Capitolo 5
Conclusioni
L’algoritmo realizzato ha permesso di individuare i picchi di ammiccamento (e quindi il rate blinking), rispetto all’attività elettrica spuria proveniente dai muscoli adiacenti e dal rumore di fondo, e di valutare l’attività media dei muscoli frontali e peribuccali dei soggetti in esame, attraverso misure oggettive, non basate sull’osservazione.

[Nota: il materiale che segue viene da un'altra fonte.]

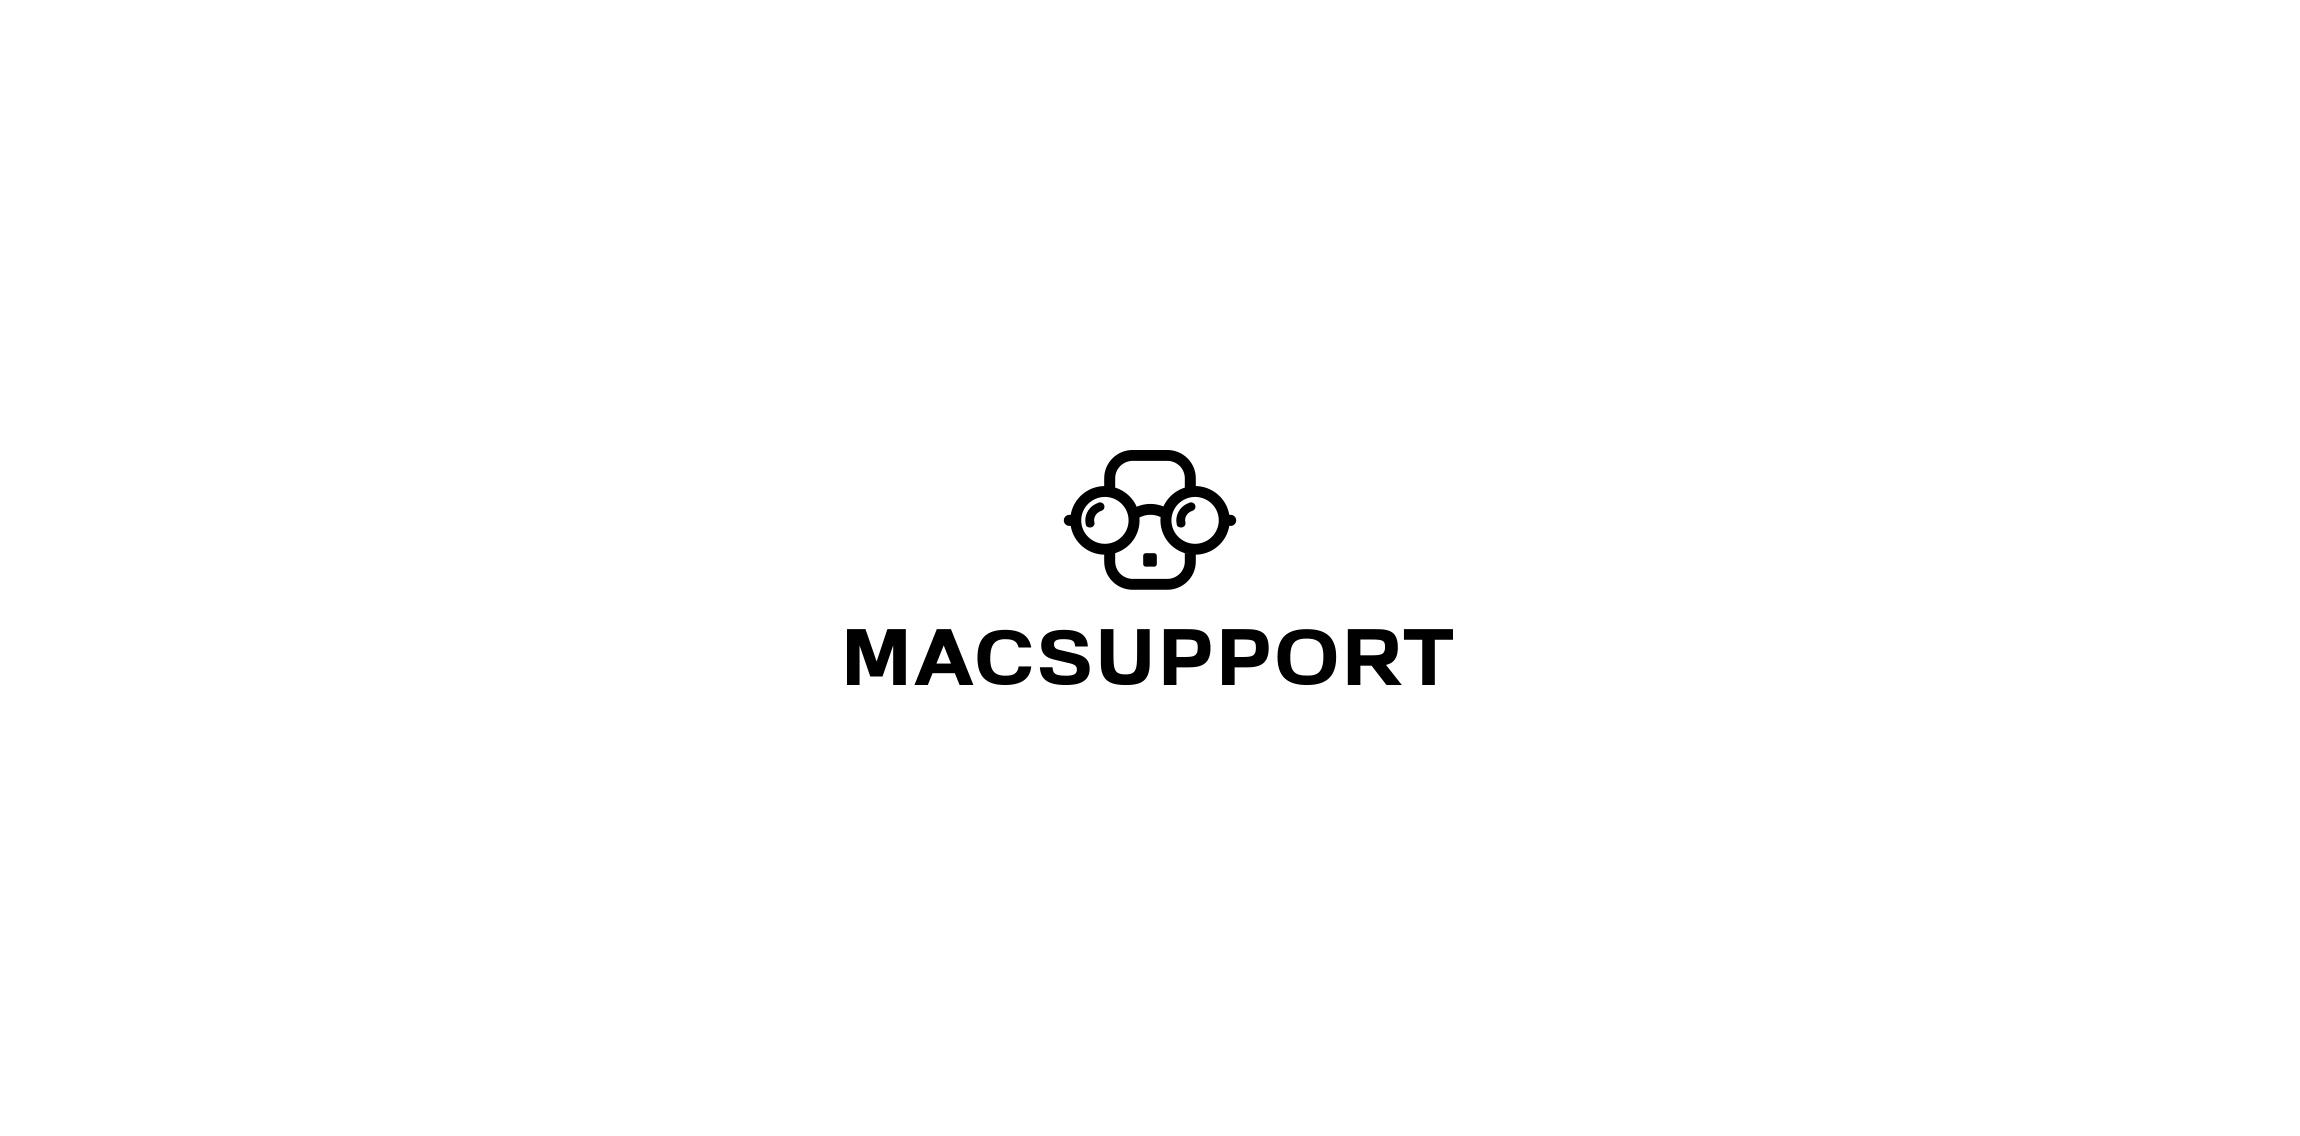 Macsupport

La sperimentazione condotta con i pazienti affetti da malattia di Parkinson e con i soggetti di controllo reclutati dal dottor Carlo Maremmani presso l’Ospedale di Carrara ha permesso di acquisire un ampio pattern di dati indicativi della qualità delle performance dei soggetti in studio.
Un’accurata analisi dei dati acquisiti ha mostrato come sia possibile estrapolare dalle registrazioni effettuate, parametri sensibilmente discriminanti che mettono in evidenza le differenze esistenti tra i due gruppi di soggetti in studio, sia in relazione all’ammiccamento spontaneo, che alla mimica del volto.
La strumentazione utilizzata (elettromiografo presente nella struttura ospedaliera, ed elettrodi di superficie) e l’analisi effettuata sui segnali registrati si sono quindi mostrati idonei nell'individuare i segni di alterazione della mimica facciale e dell’ammiccamento spontaneo nei soggetti affetti da morbo di Parkinson rispetto ai soggetti sani di controllo.
Si può pensare in un futuro alla realizzazione di uno strumento ad hoc per l’applicazione in studio, che impieghi elettrodi wireless e di dimensione ulteriormente ridotta, per una registrazione meno invasiva e maggiormente accurata.
I risultati positivi ottenuti, in considerazione della limitata dimensione del campione in studio, specie in relazione alla notevole variabilità biologica del BR e del comportamento del volto, dovranno essere verificati in popolazioni più ampie ed usando anche diversi protocolli sperimentali.
Se questi risultati venissero confermati, sarebbe possibile pensare alla prospettiva di un futuro impiego di tale metodica nella fase di diagnosi precoce di malattia di Parkinson e di monitoraggio della stessa nel corso del tempo, in maniera quantitativa e oggettiva.
La messa a punto di terapie più efficaci è in continua evoluzione; in particolare esistono dei farmaci attualmente in via di sperimentazione che potranno contribuire a rallentare la progressione della malattia. Questi trattamenti vanno
iniziati il più presto possibile e protratti per l’intero decorso della malattia. Rallentando la progressione della malattia, è possibile mantenere in questi pazienti una qualità della vita soddisfacente più a lungo.
Da una recente sperimentazione clinica è emerso che in pazienti trattati precocemente con rasagilina la progressione della malattia, valutata con la scala UPSDR (Unified Parkinson’s Disease Rating Scale), risultava più lenta rispetto a pazienti diagnosticati nello stesso momento ma che avevano iniziato lo stesso trattamento nove mesi dopo, e sono in corso studi analoghi su altri farmaci antiparkinson.
Naturalmente il trattamento precoce dipende in larga parte da una diagnosi precoce; pertanto è essenziale riuscire a individuare i primi segnali della malattia di Parkinson, stabilendo nuovi criteri diagnostici che rivedano gli attuali adatti a descrivere solo i sintomi motori più evidenti, presenti quando la malattia è in uno stadio già avanzato.